This post received KUDOS

Susan runs y yards in 9 seconds which means her rate over that particular distance is: r = y/9

We're told to look for how long it will take her to run x yards at the same rate (i.e. r=y/9)

Time taken: t = d/r t = x/r t = x/(y/9) t = 9x/y This gives us the time in seconds but we need to multiply by 60 (seconds) to get the time in minutes.

t = 9x/60y

I had a bit of trouble conceptualizing this problem at first, specifically why we would find the time of the new distance (in minutes) by dividing by the old rate. Well, I guess it was a silly problem to be caught up on. All we want to know is how long (t) it will take for x yards to be covered at the same rate we determined to be (y/9) Then, we just had to multiply by 60 seconds to get y in terms of minutes.
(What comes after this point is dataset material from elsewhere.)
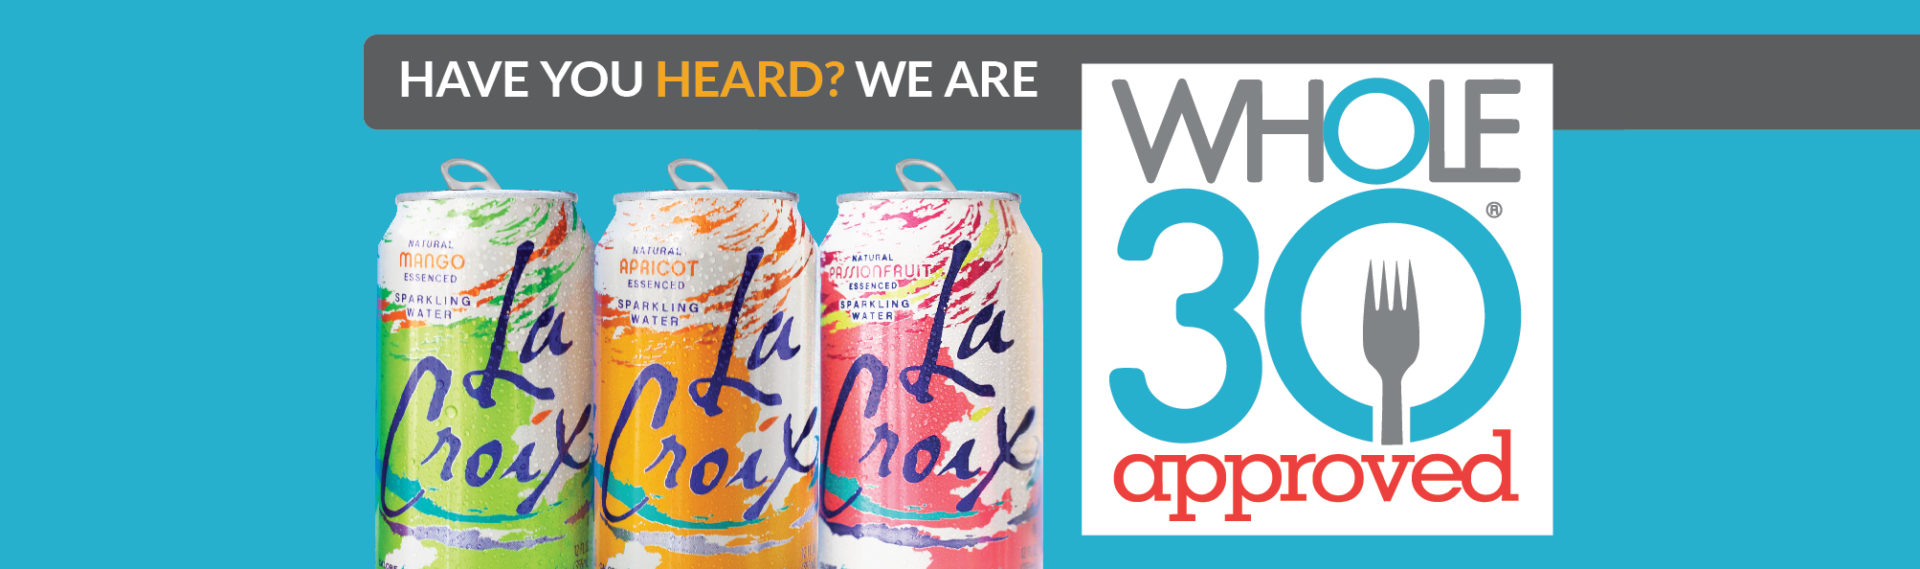 Whole30 names LaCroix Water new partner in health

I guess the final answer tripped me up because of the way it multiplied out (in other words, if t = d/r then why is d here equal to 9 seconds*x distance.) I'm not sure what I can do to help me better understand these kinds of problems.

ANSWER: b.) 9x/60y

P.S. Bunuel, I believe you got the correct answer (it's the same one I got) but you marked down the incorrect answer choice.

Re: If Susan takes 9 seconds to run y yards, how many minutes [#permalink]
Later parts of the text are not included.